You’ve heard it all before, so I’m probably not telling you anything new. But in the interests of making sure you know the facts about marital (and long-term relationship) conflicts, I thought I’d say some of it again. This comes from the great self-help online book, Psychological Self-Help (the original one, not the bastardized version that appears elsewhere online).
Many researchers (e.g., Christensen & Jacobson, 2000) believe that most marital differences and arguments are completely reconcilable. The problem lies in the fact that as marriages and relationships degrade into argument, they discussions are laced with criticism and unspoken expectations of one another.
We expect the other person in the relationship to change, not our expectations of them (even though we’re the ones making ourselves unhappy because of our unrealistic expectations). Here’s a simple example from the book:
So how does Dr. Clay Tucker-Ladd, author of Psychological Self-Help, suggest couples work on resolving marital conflict?
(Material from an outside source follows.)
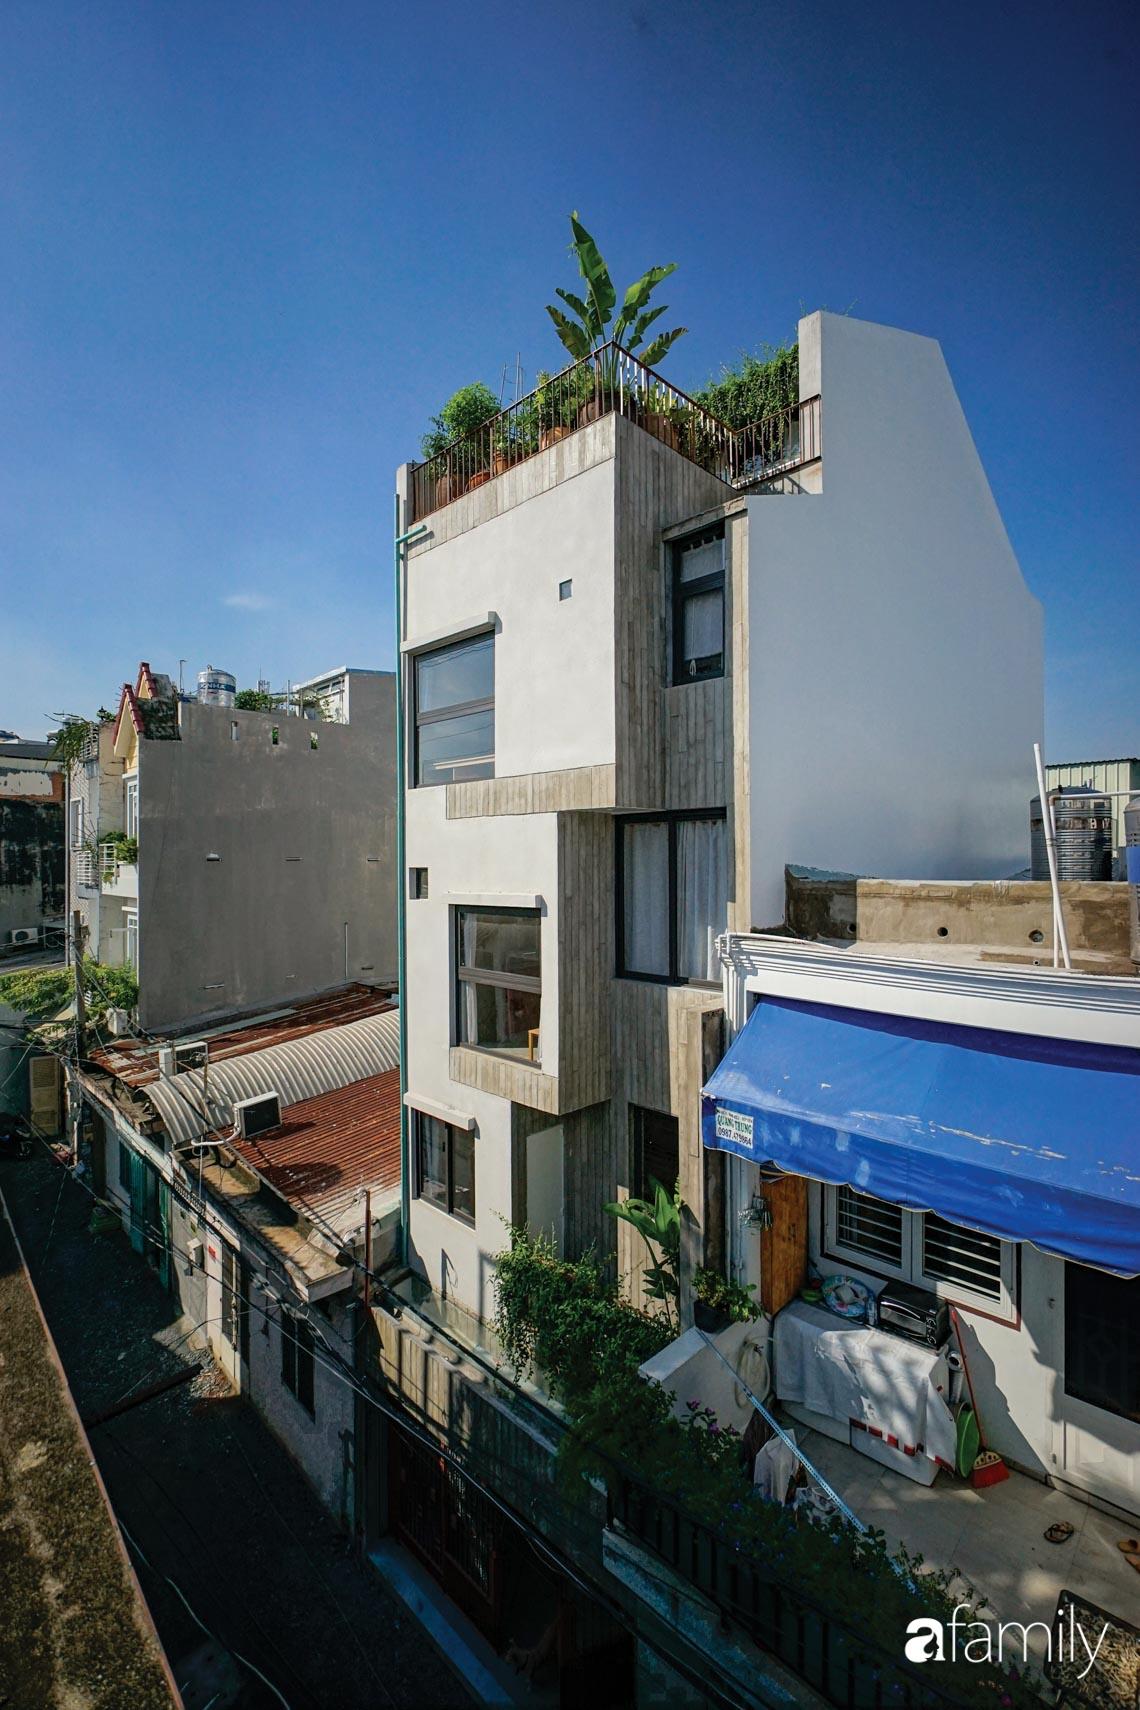 Ngôi nhà phố thiết kế khác biệt để mang đến những điều đặc biệt cho cuộc sống của gia đình trẻ ở TP HCM - Ảnh 1.

Resolving Relationship Conflict
1. Emphasize the positive, de-emphasize the negative.
This doesn’t mean ignoring the negative, it just means stop harping on it, day in and day out. Nobody’s perfect and each and every one of us makes mistakes everyday. Are you the person that points out your significant other’s mistakes all the time? Or are you the person who points out all of the positive things in your partner’s life?